#### INSTRUCTIONS FOR THE TASK
Omit all images, then repeat exactly the lines below from the one containing "Pokémon Tricks &" through the one containing "JANESSA LEONE - Waverly Hat, Sand", both ends included.

#### INPUT DATA
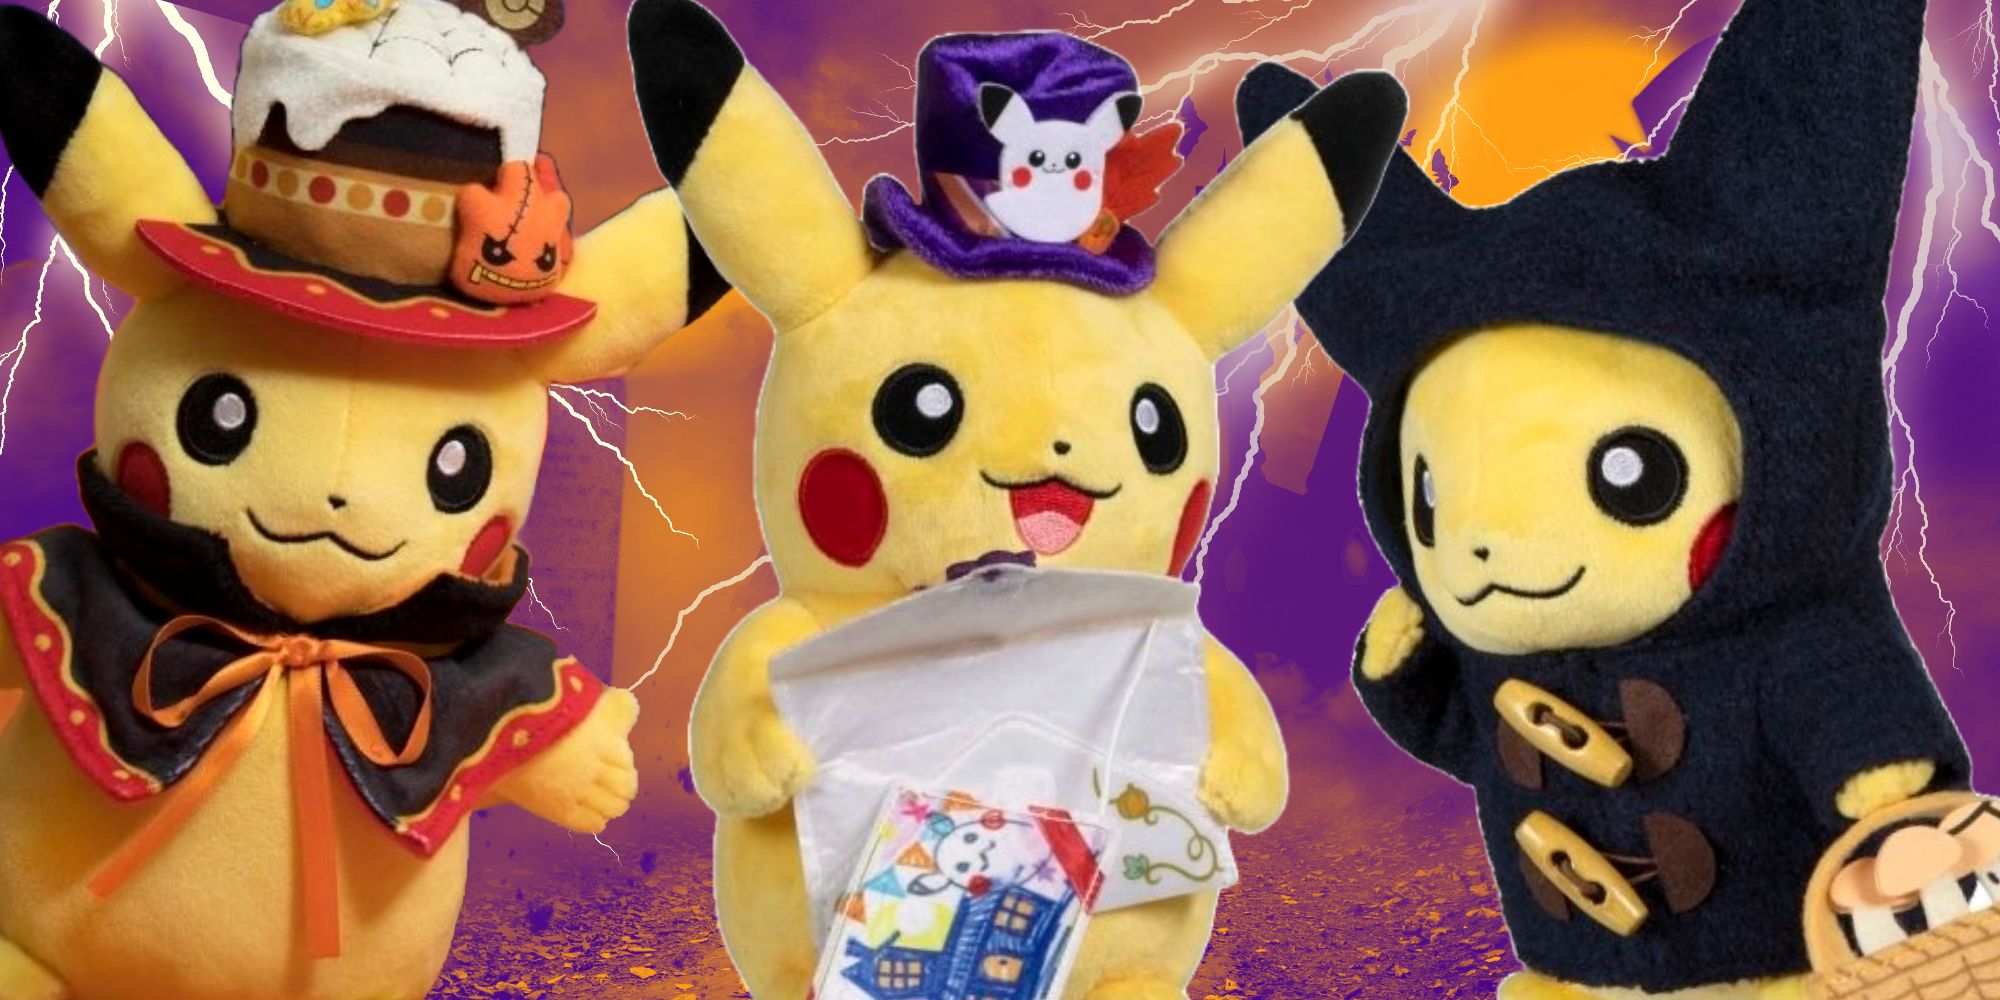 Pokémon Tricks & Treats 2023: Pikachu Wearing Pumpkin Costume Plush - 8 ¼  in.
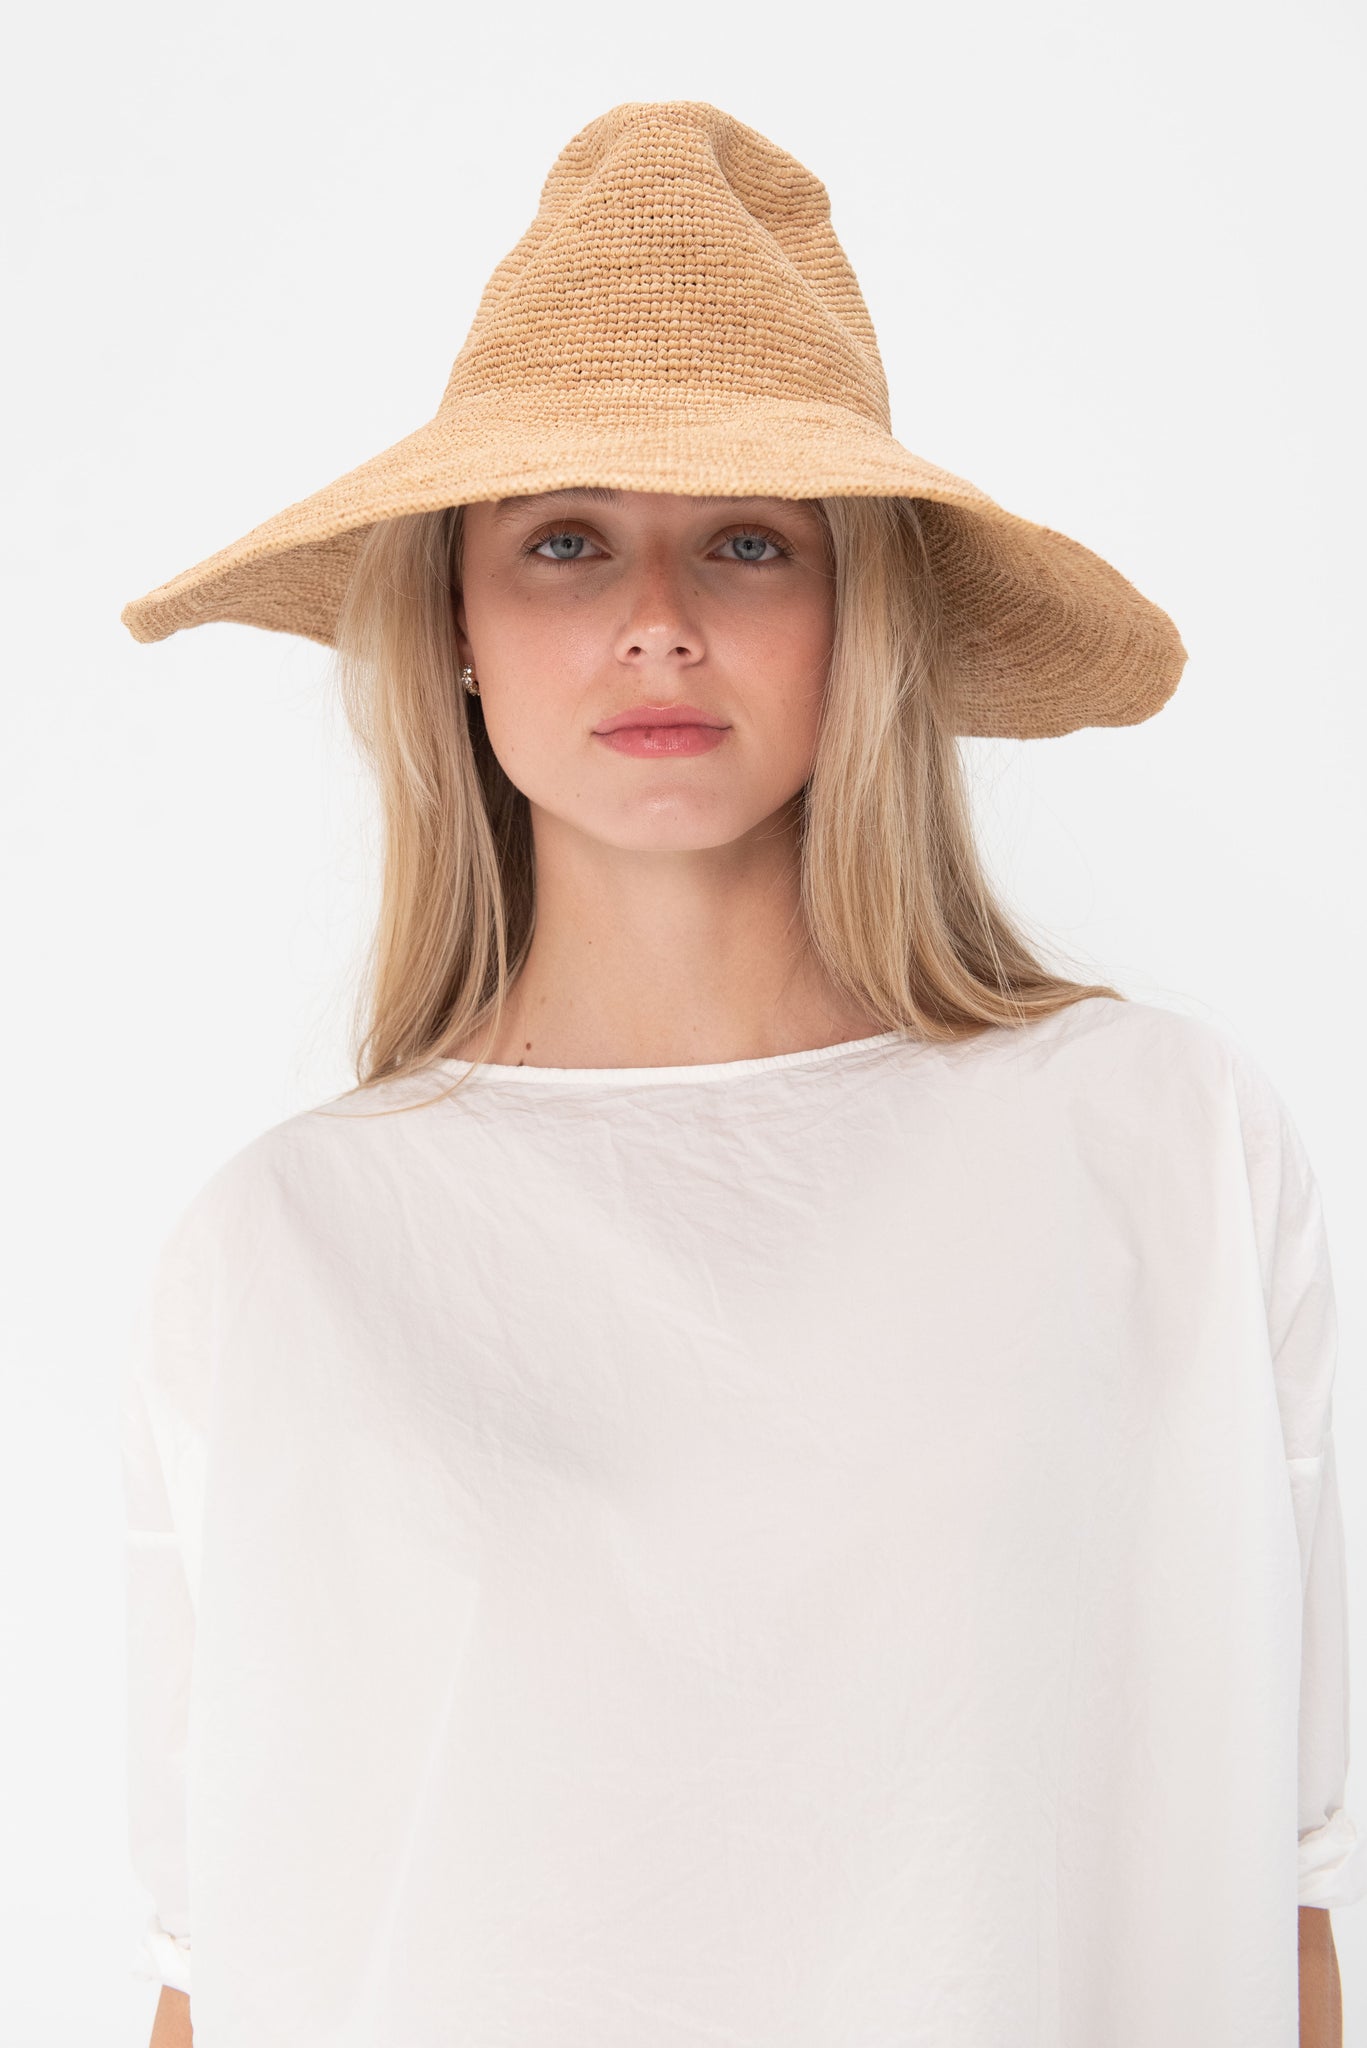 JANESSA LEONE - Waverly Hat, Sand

---

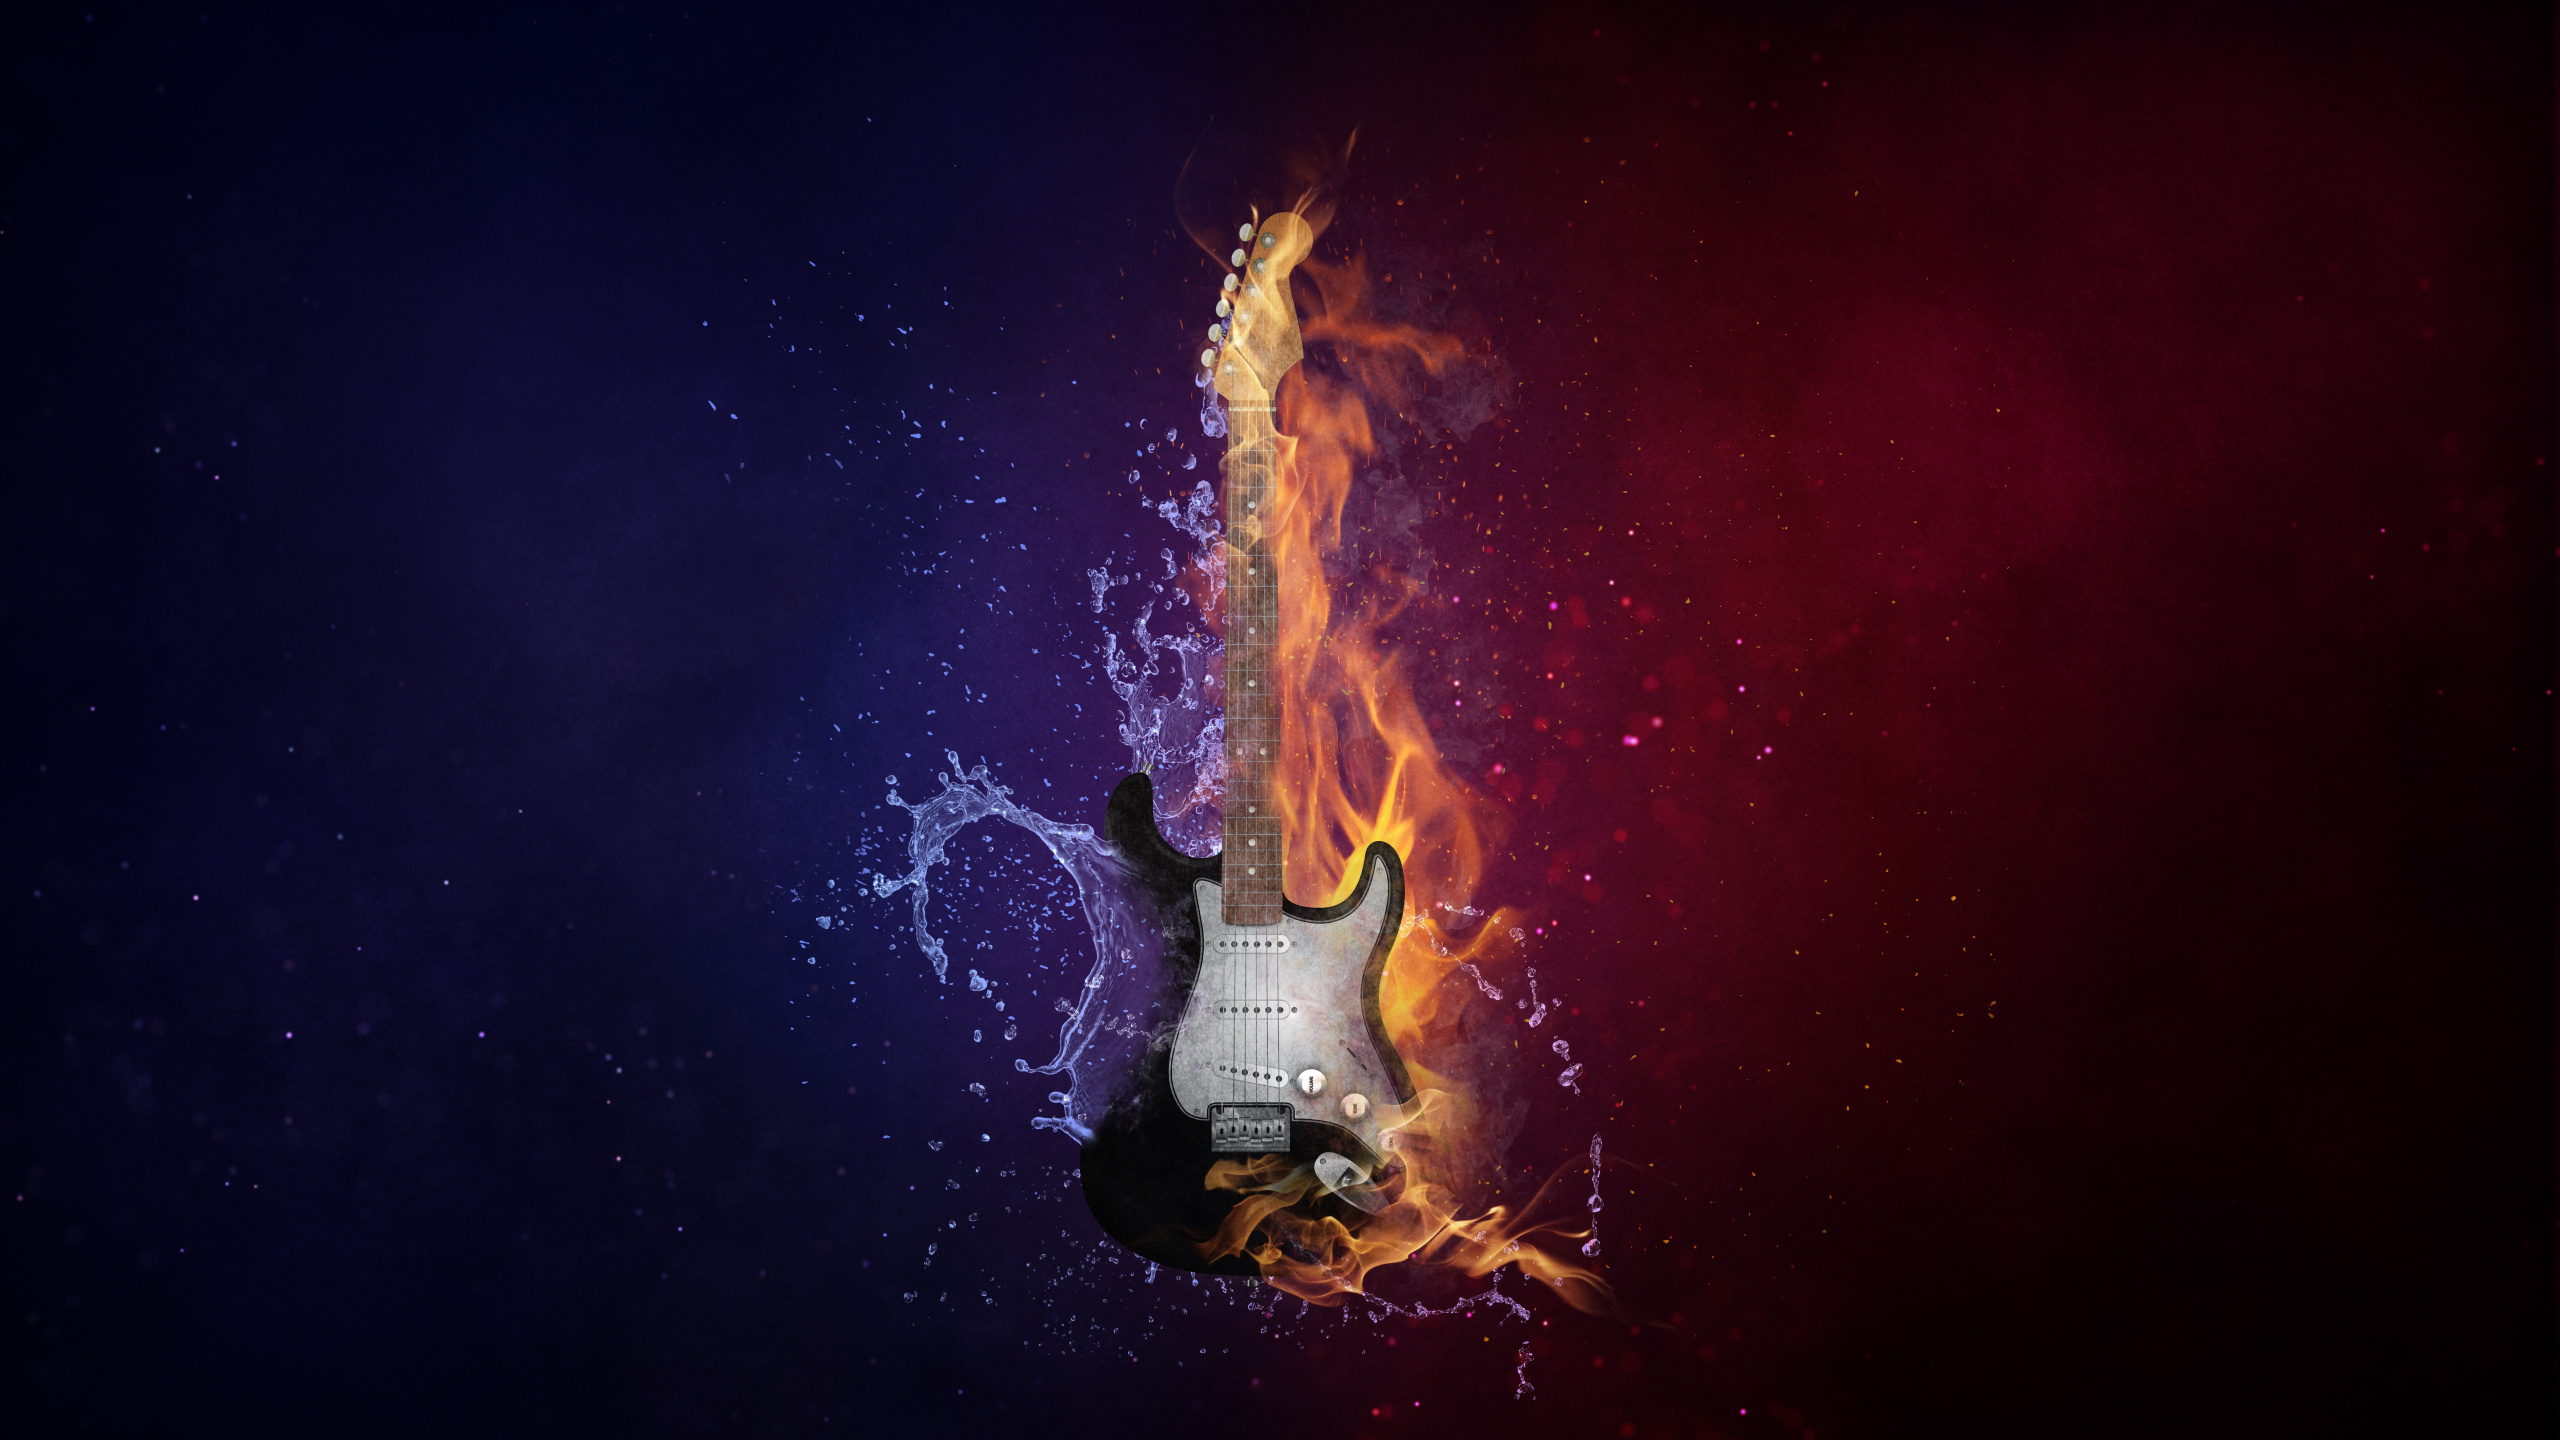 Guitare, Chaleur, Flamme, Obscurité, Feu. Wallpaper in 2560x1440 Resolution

#### ANSWER AREA
 Pokémon Tricks & Treats 2023: Pikachu Wearing Pumpkin Costume Plush - 8 ¼  in.
 JANESSA LEONE - Waverly Hat, Sand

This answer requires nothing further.